● **PROBLEM TO SOLVE**
Your output must be the lines below from the line containing "Iris Mazi Green Knit Jumper L" to the line containing "Beyonce - XO Music Video Wallpaper", both lines included, reproduced exactly and without pictures.

● **RECORDS FOR PROCESSING**
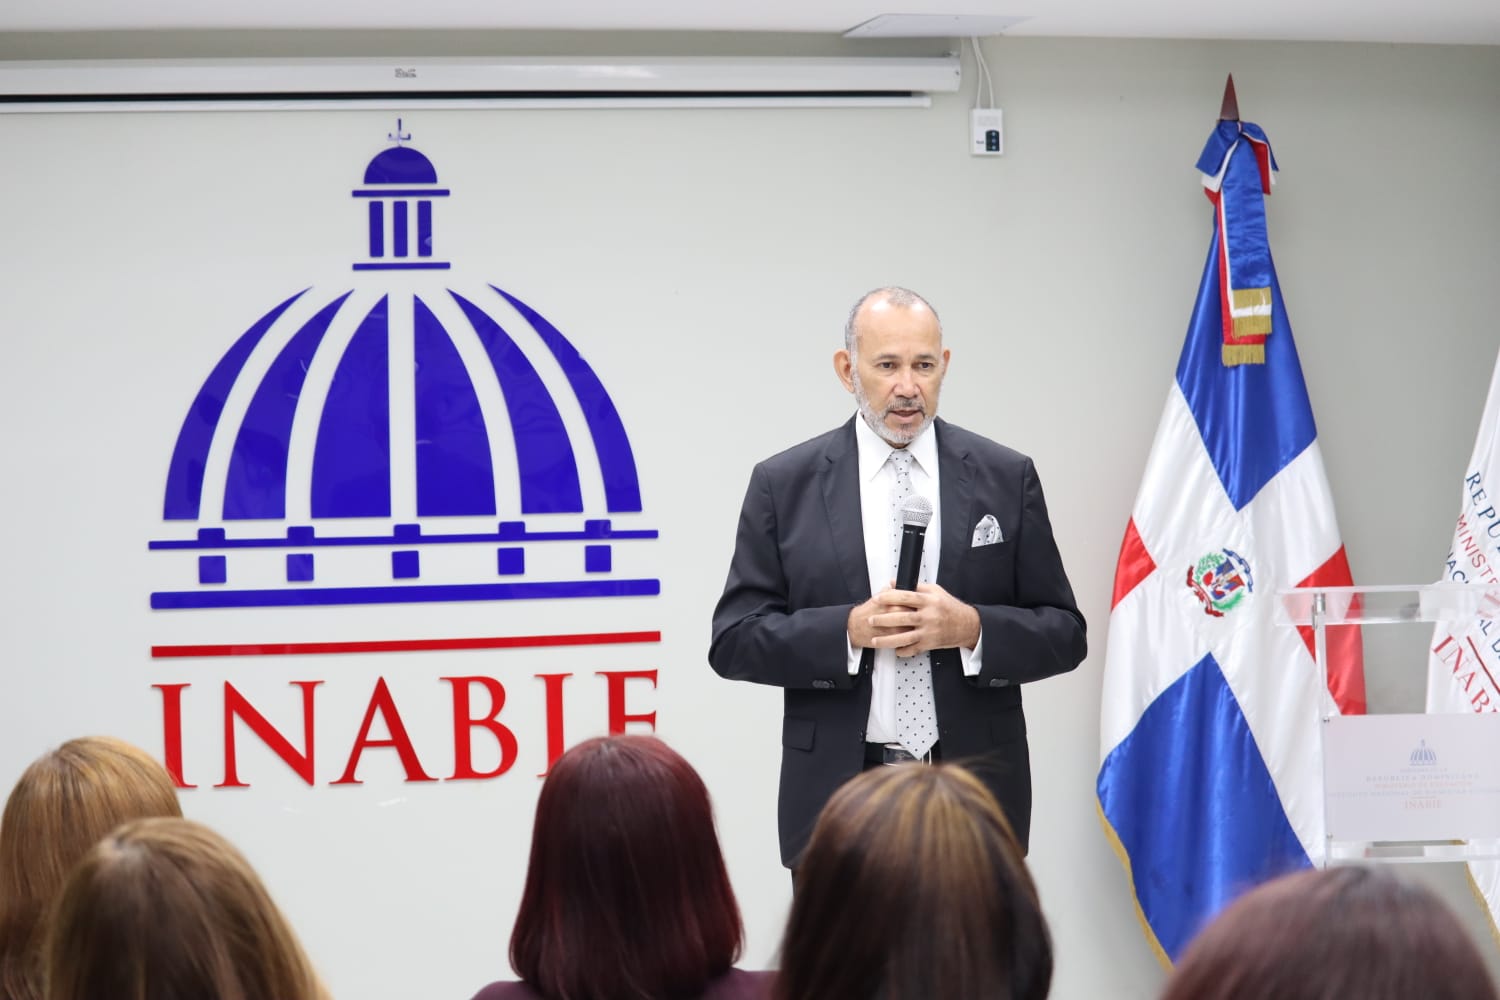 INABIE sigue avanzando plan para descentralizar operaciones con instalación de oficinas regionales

---

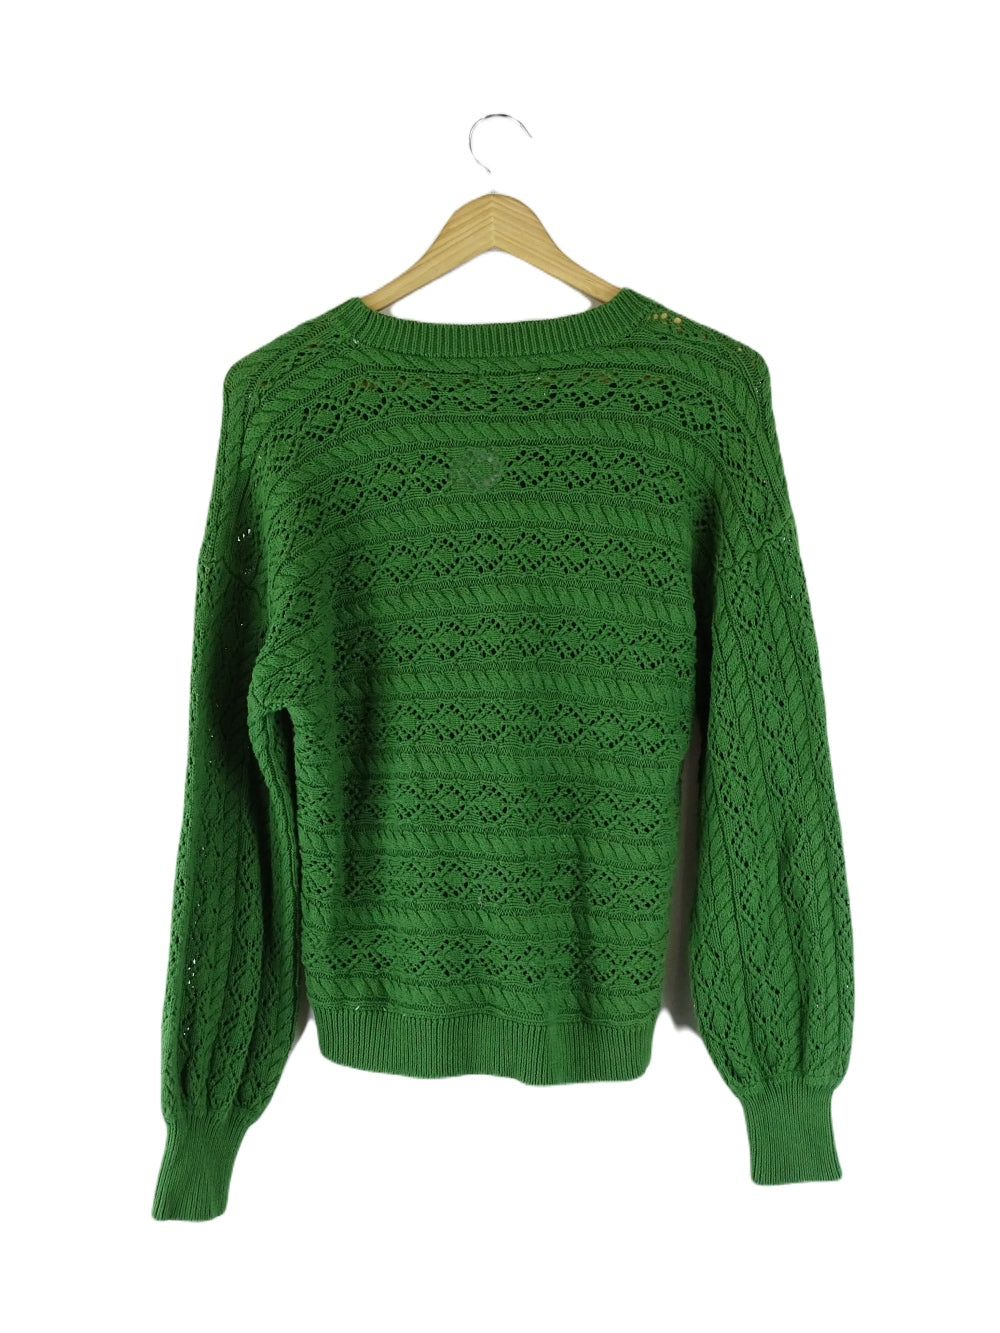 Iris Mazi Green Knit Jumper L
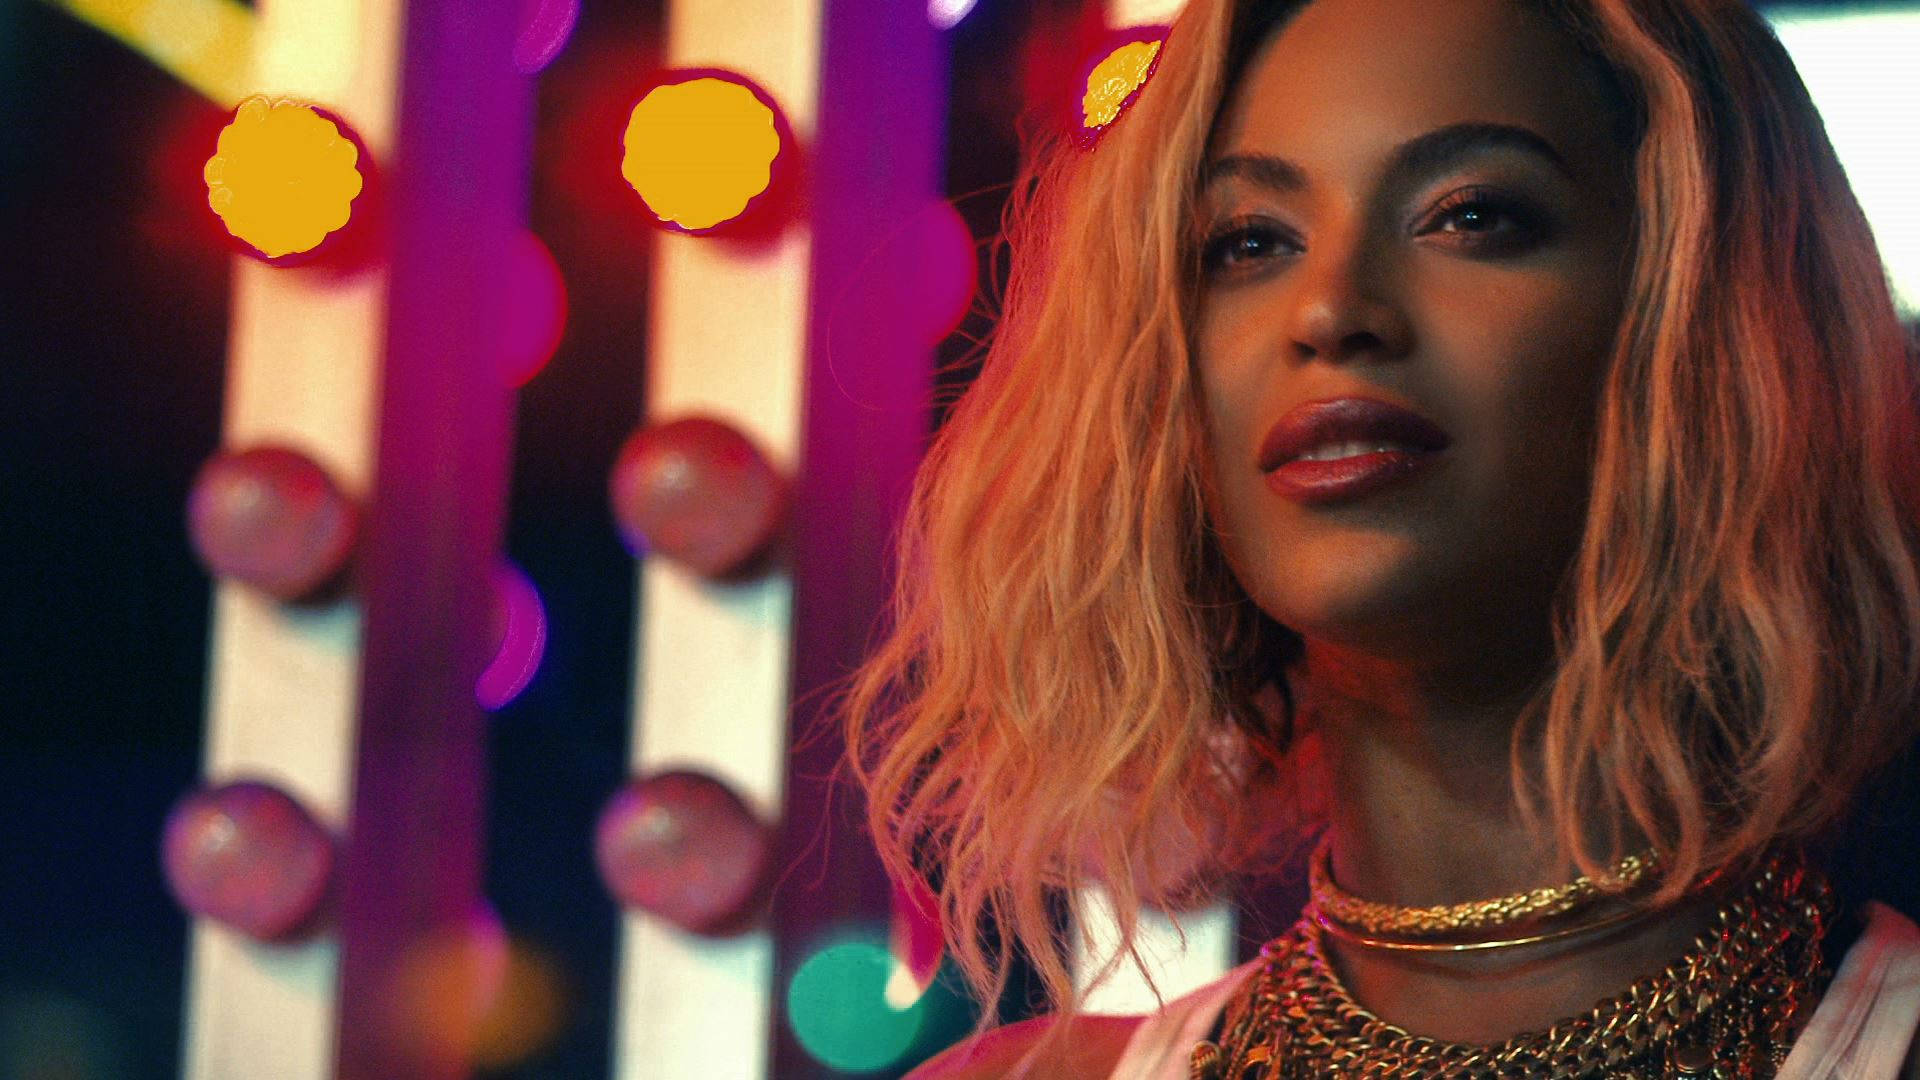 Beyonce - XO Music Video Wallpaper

---

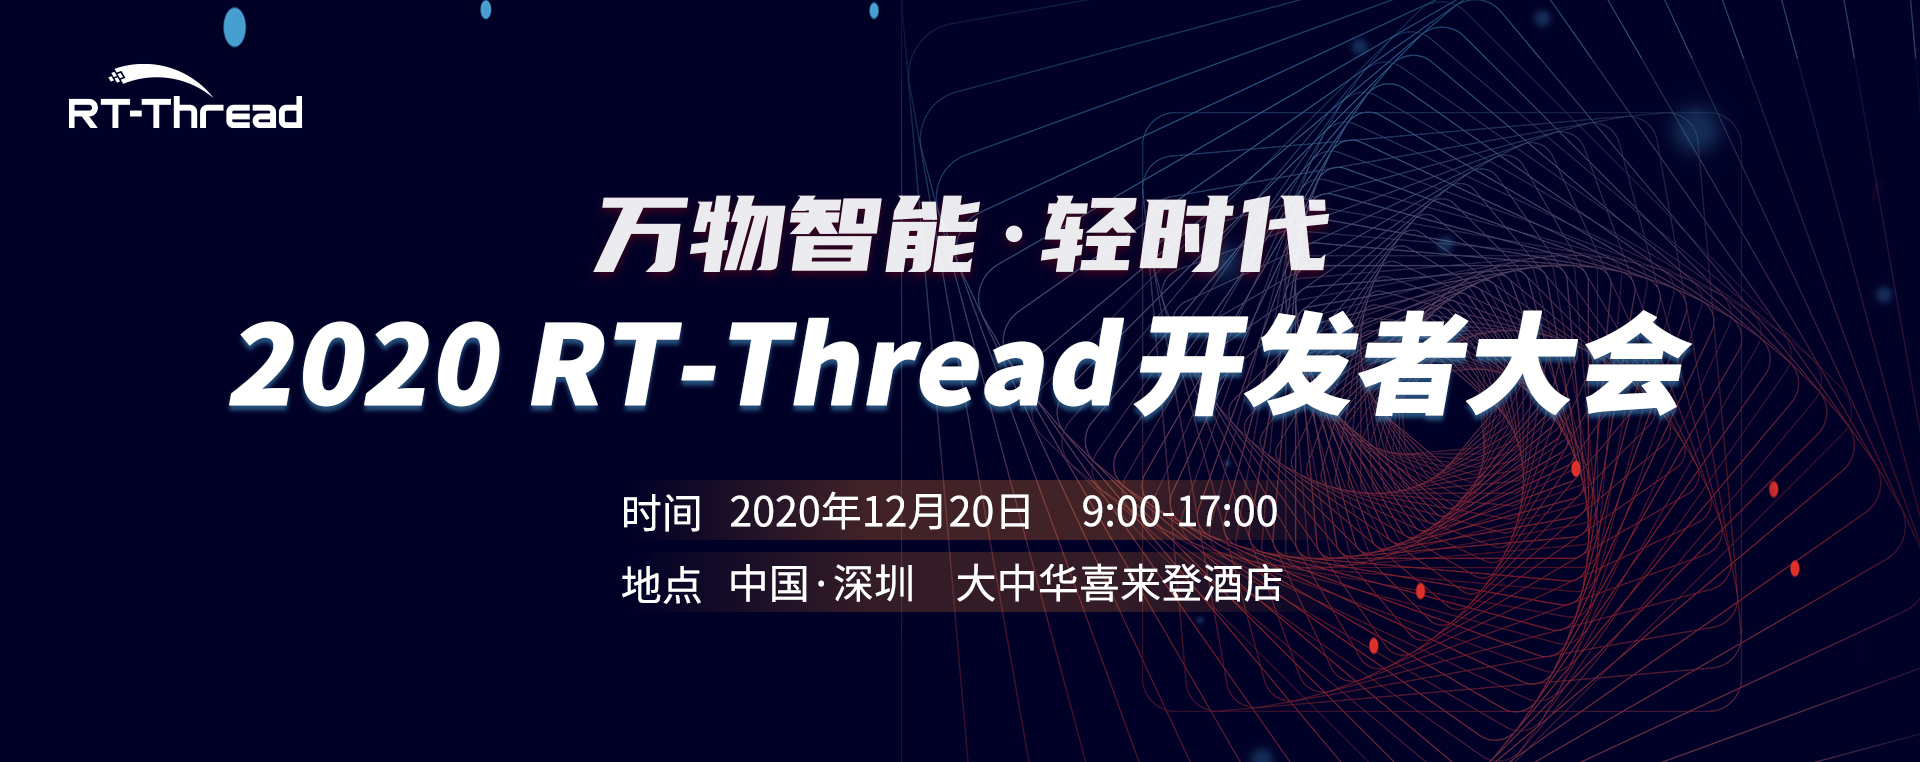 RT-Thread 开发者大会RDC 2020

● **TASK OUTPUT**
 Iris Mazi Green Knit Jumper L
 Beyonce - XO Music Video Wallpaper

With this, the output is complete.